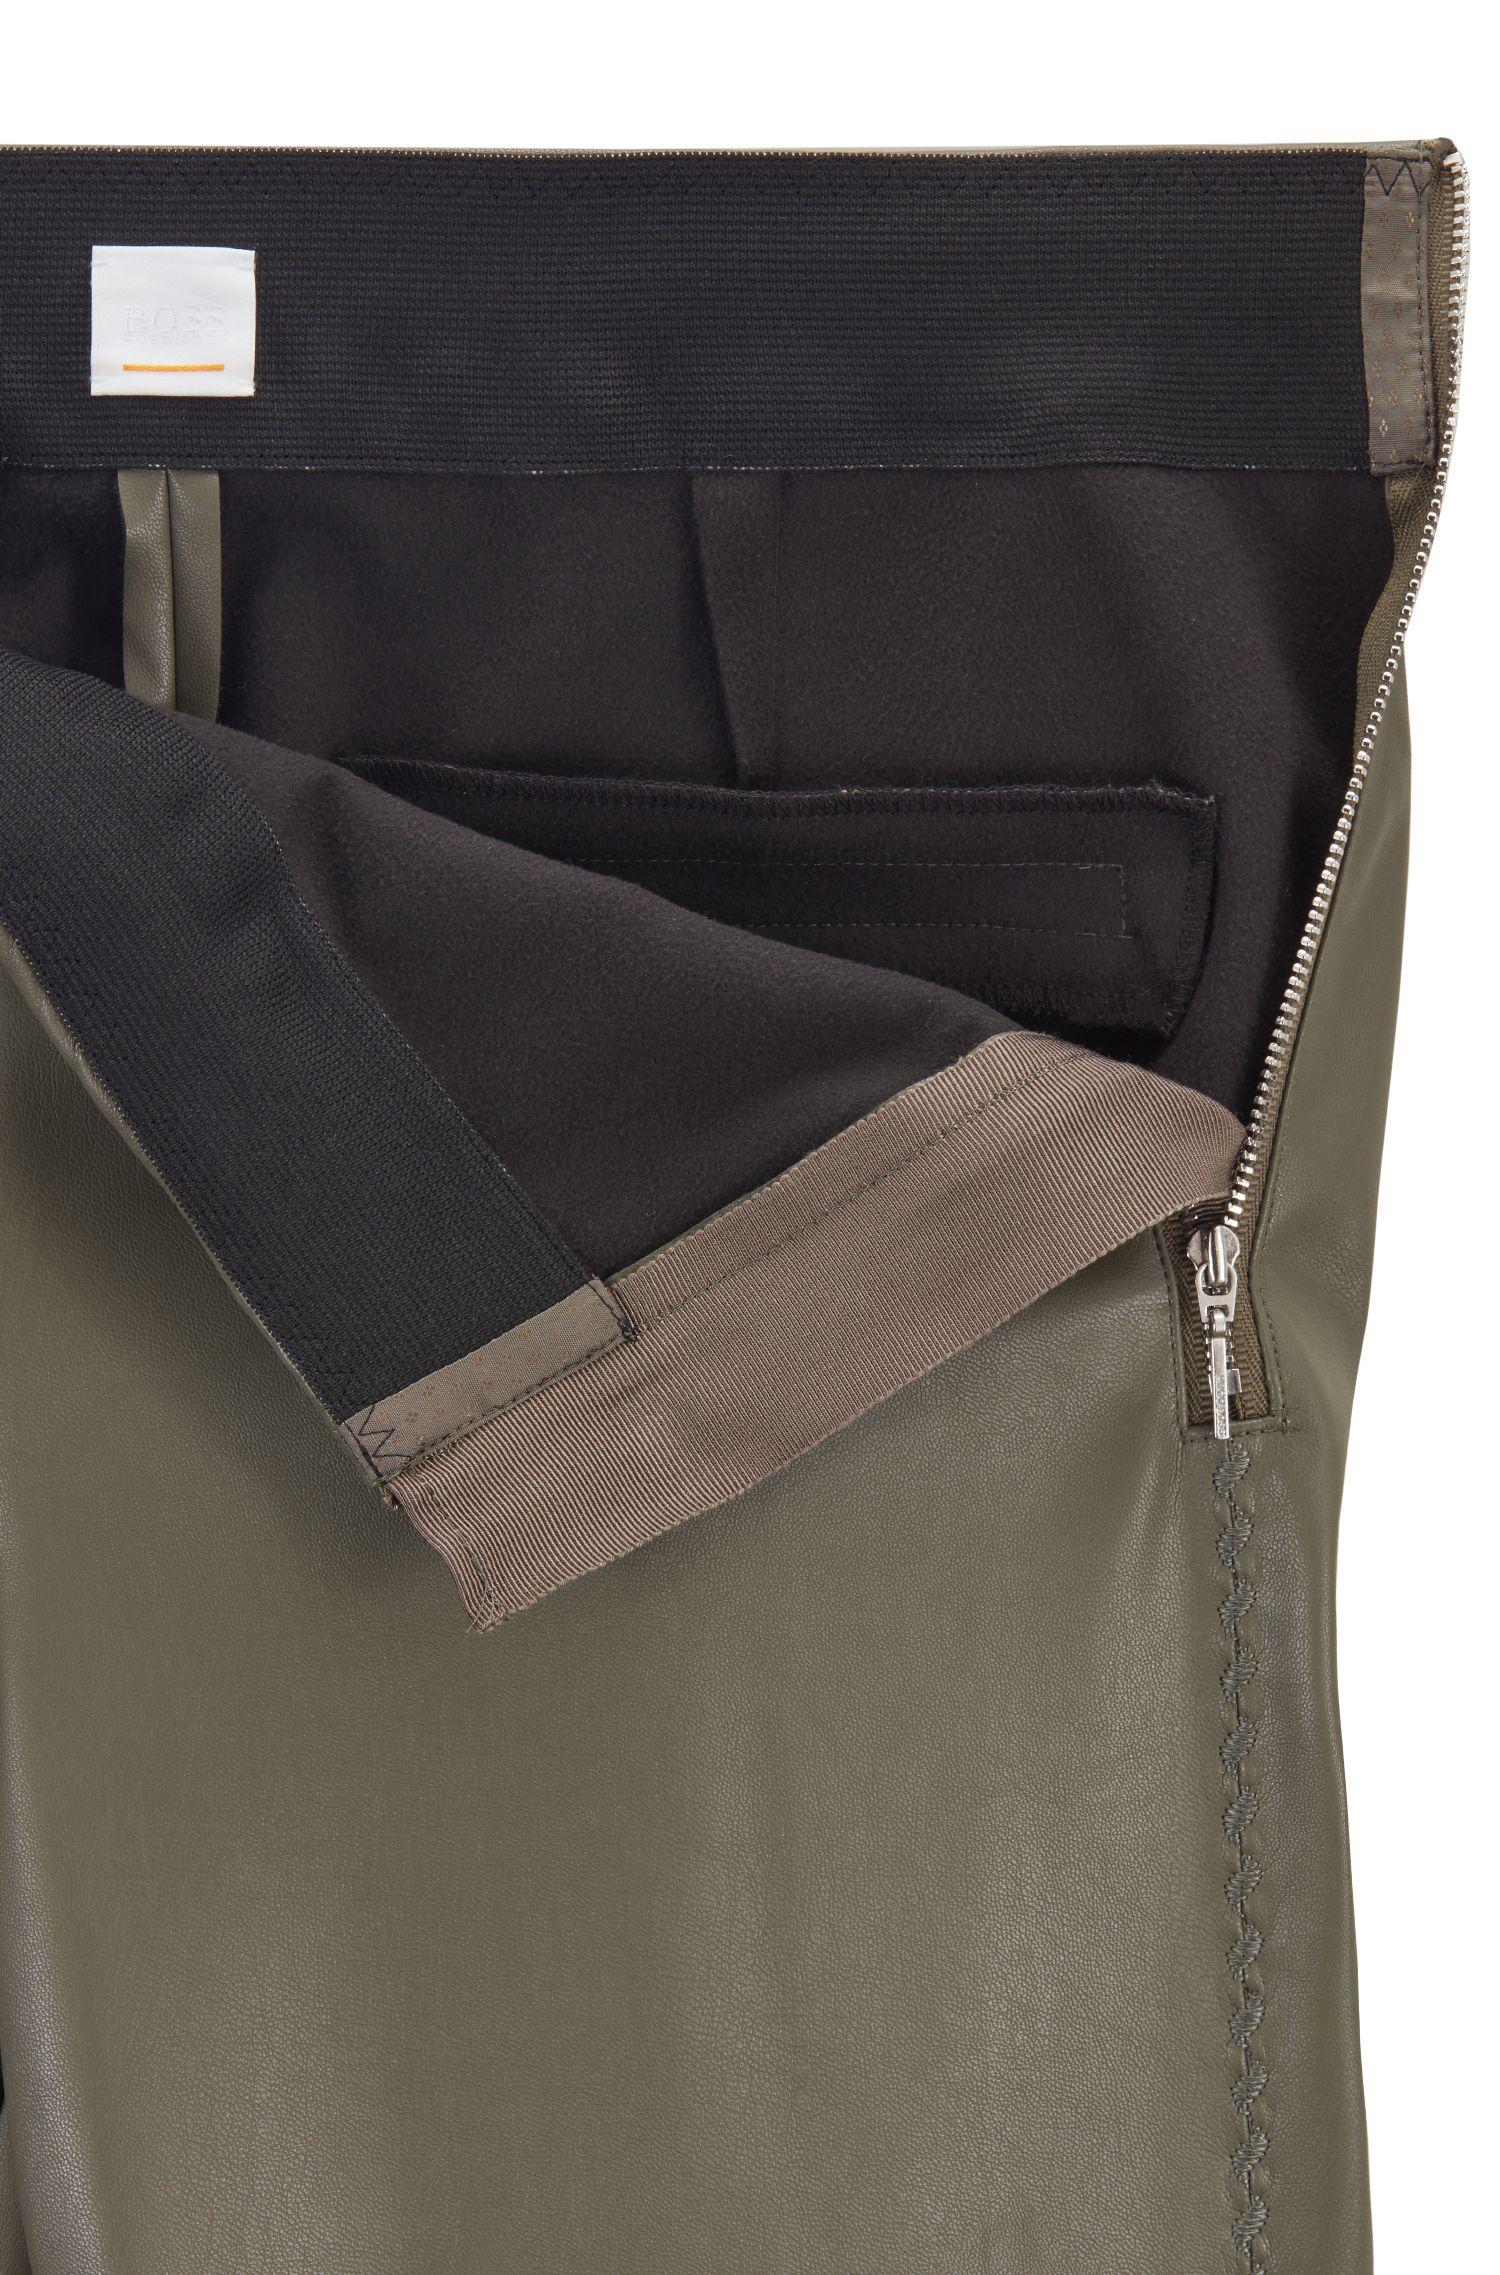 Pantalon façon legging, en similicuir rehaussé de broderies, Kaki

==

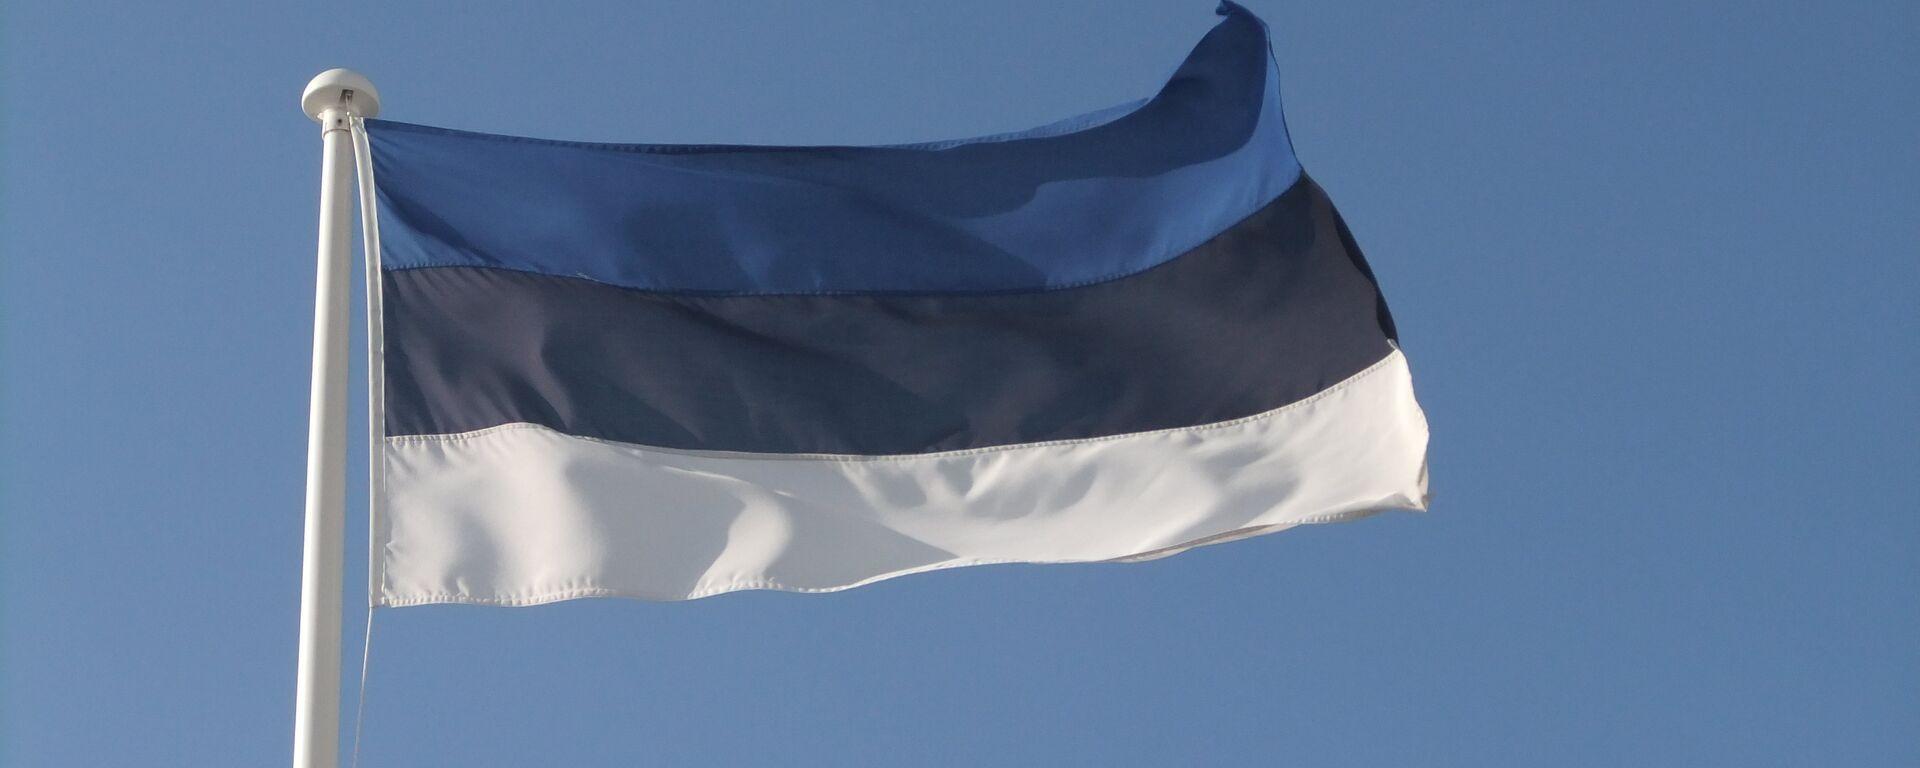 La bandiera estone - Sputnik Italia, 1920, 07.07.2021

==

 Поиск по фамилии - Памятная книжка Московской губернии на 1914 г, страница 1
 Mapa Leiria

ASSIGNMENT
All lines above from the one containing "Поиск по фамилии" to the one containing "Mapa Leiria" must be repeated exactly, both lines included, and no others.

ANSWER SPACE
 Поиск по фамилии - Памятная книжка Московской губернии на 1914 г, страница 1
 Mapa Leiria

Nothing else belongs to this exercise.